I Can Dream, Can't I?

I had a call from the admin this morning to ask if I could chair a court tomorrow. I agreed, having nothing much planned, so tomorrow the scruffy clothes and the trainers will be left in the cupboard while I take out my (getting rather tired) second-best court suit.
I have no idea what I shall be given to do. I can be pretty sure that it won't be traffic, since nearly all of that stuff has been hived off to a 'gateway' court some miles round the North Circular. If it's a trial it is likely to be domestic violence, but it might be non-CPS stuff from the council, or the environment people or even (heaven forfend) the bus operators or the TV Licence bods.
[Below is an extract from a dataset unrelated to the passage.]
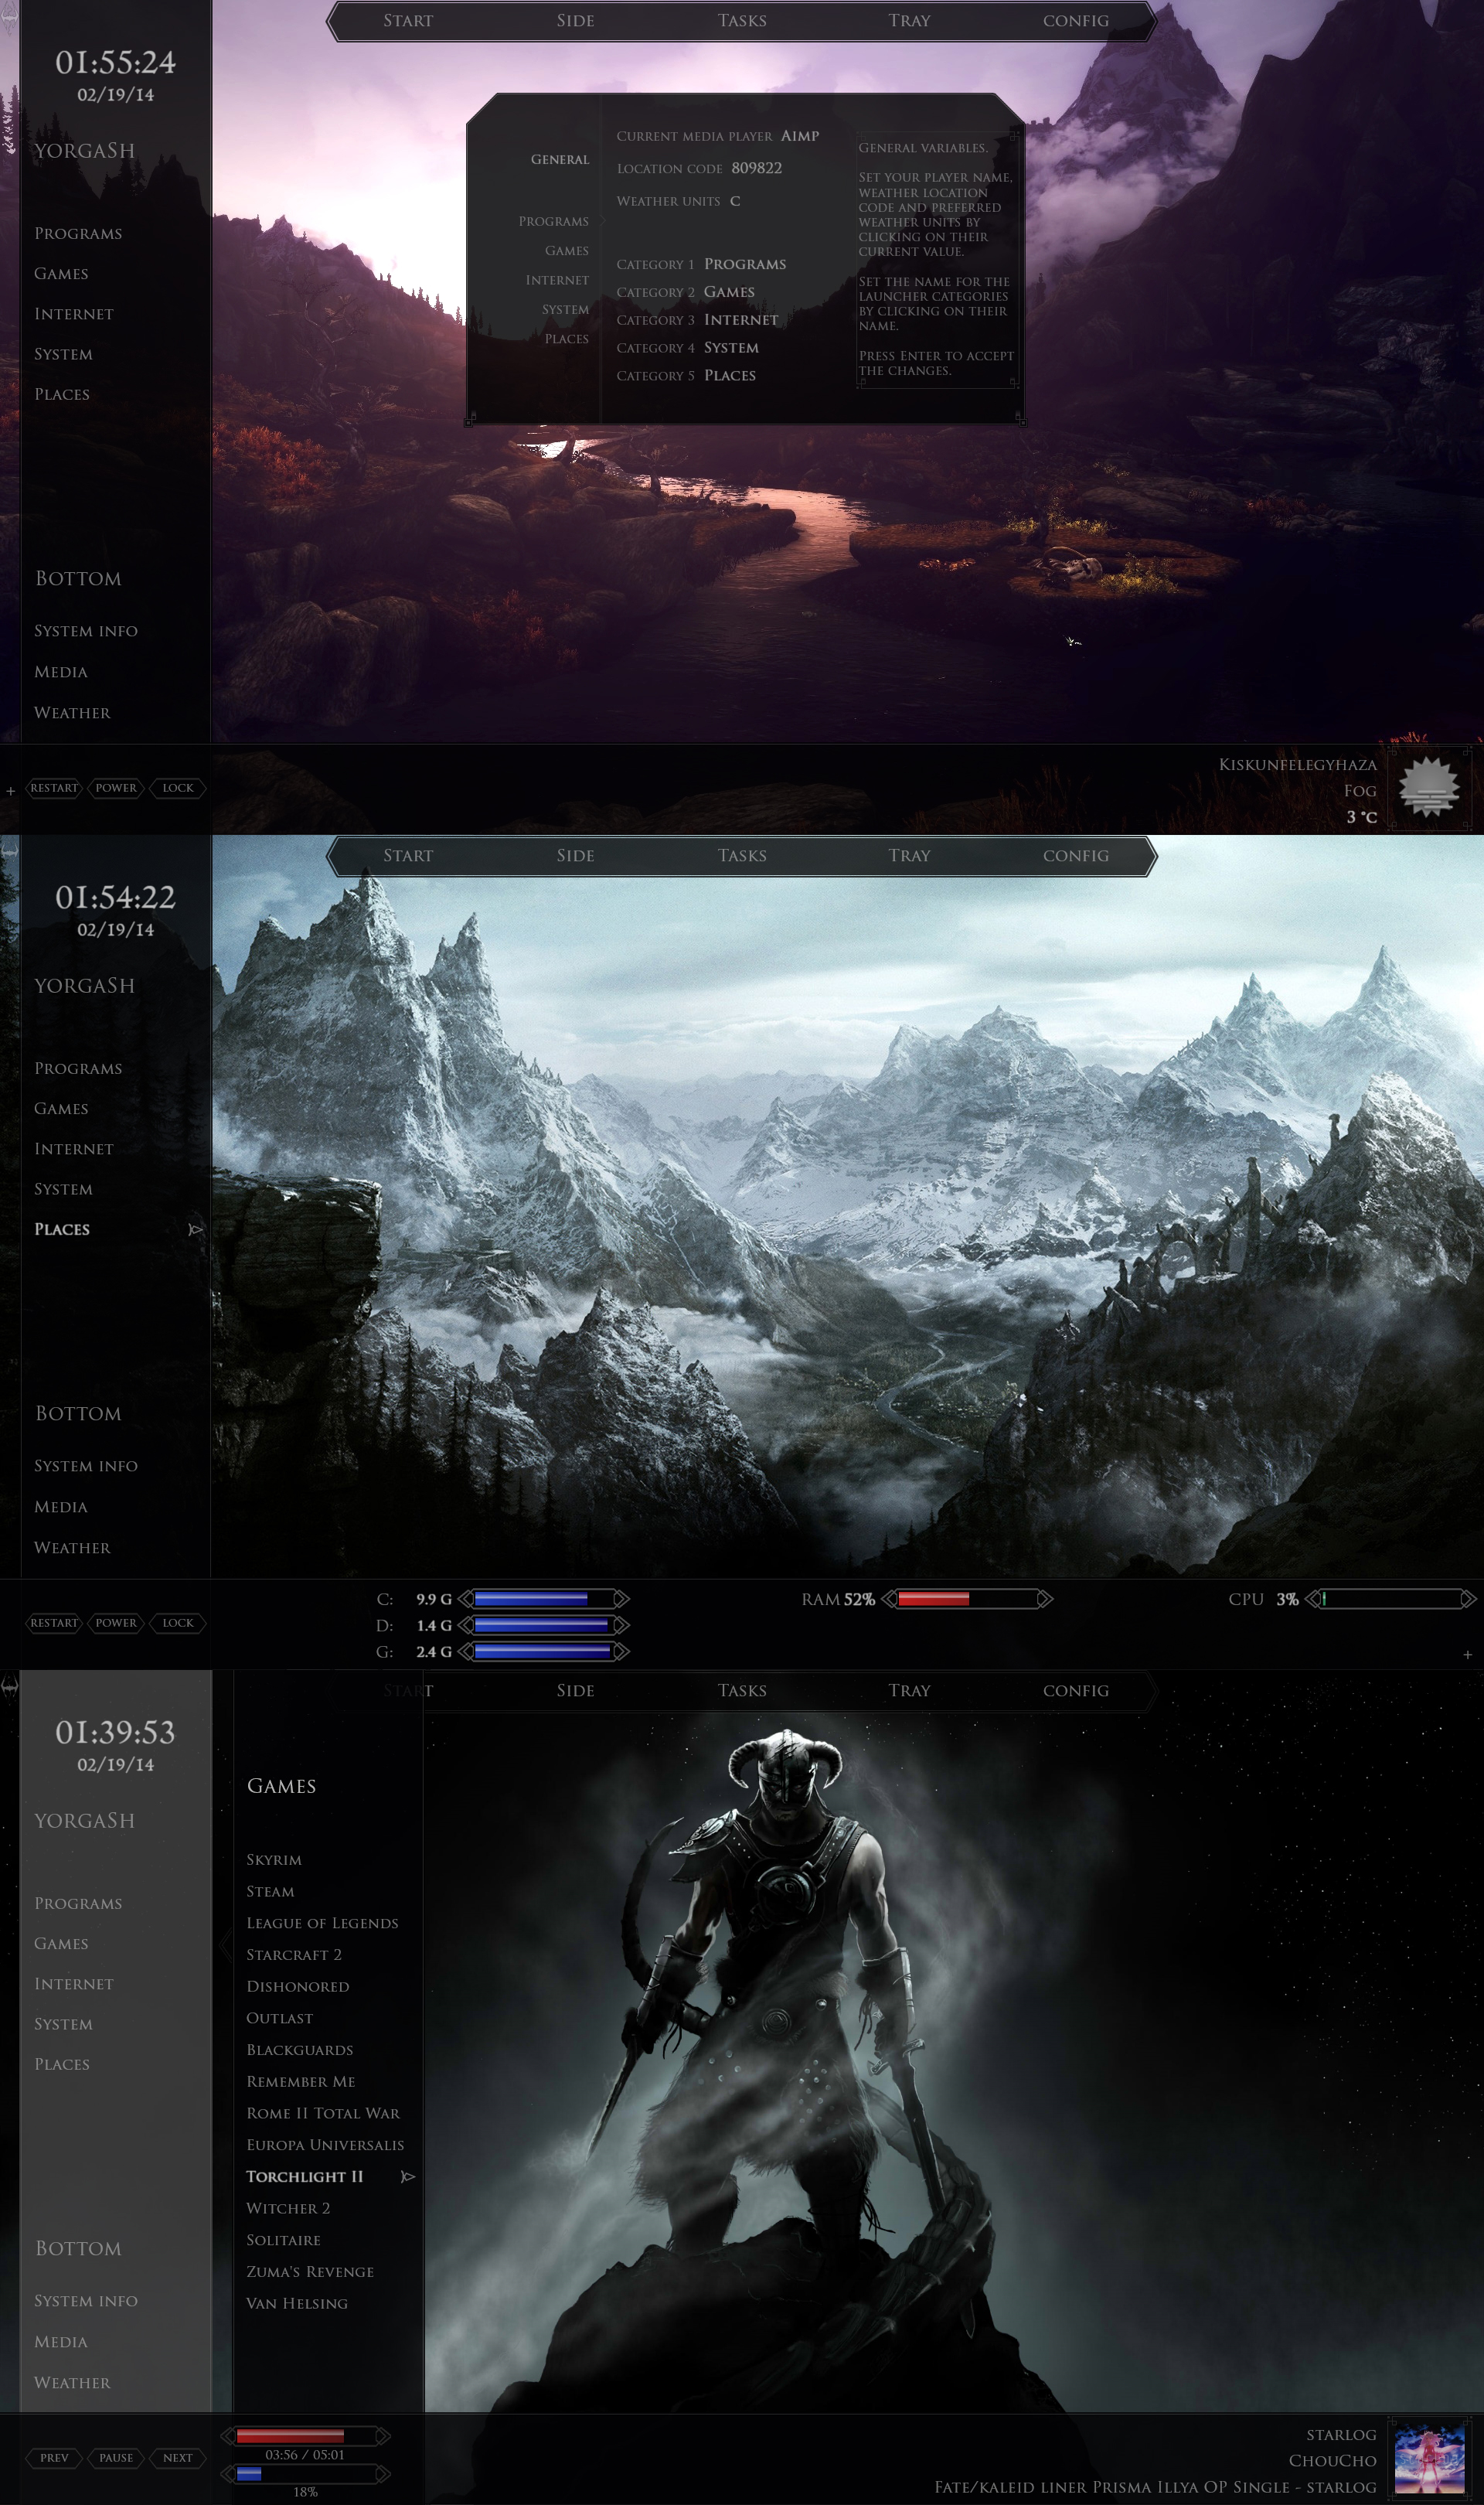 Skyrim Desktop 1.02 by yorgash

But you never know - a Proceeds of Crime Act forfeiture can be interesting as can any of the thousands of possible offences we have to deal with.
Some of my colleagues get a bit snotty about District Judges (we have one allocated DJ who is often away on things like prison adjudications, training, or, as this week, a short-notice holiday). There is a suspicion on the lay bench that DJs cherry-pick cases leaving the serfs to deal with the dross. I don't think that's quite fair, because a (say) four-day case is much simpler to manage in front of a DJ, obviating the problems of getting three justices together when they all have lives and families to concern them away from court.
In any event, it isn't just the high-profile cases that are interesting. Sure, a delicate point of law can enthral those of us who are interested, but the really dramatic riveting interplay of raw human emotion is just as likely to be seen in a something-and-nothing neighbour dispute or a low-level assault as it is in a newsworthy case that is on its way to the Old Bailey.
I shall know my fate by 9.40 tomorrow morning. Ideally, I would like a nice little trial that is ready to go at 10, has a juicy 'no case to answer' submission at about 12, with a bit of law tossed in (ideally by a blonde lady barrister of about 30-something - think Patricia Hodge in Rumpole) a verdict at 3.45, and if we convict, a nice neat little sentence without reports (more from Ms. Hodge) then a debrief and in the car by 4.30. In the pub by 5, home for dinner about 6.30.

Well, I can dream, can't I?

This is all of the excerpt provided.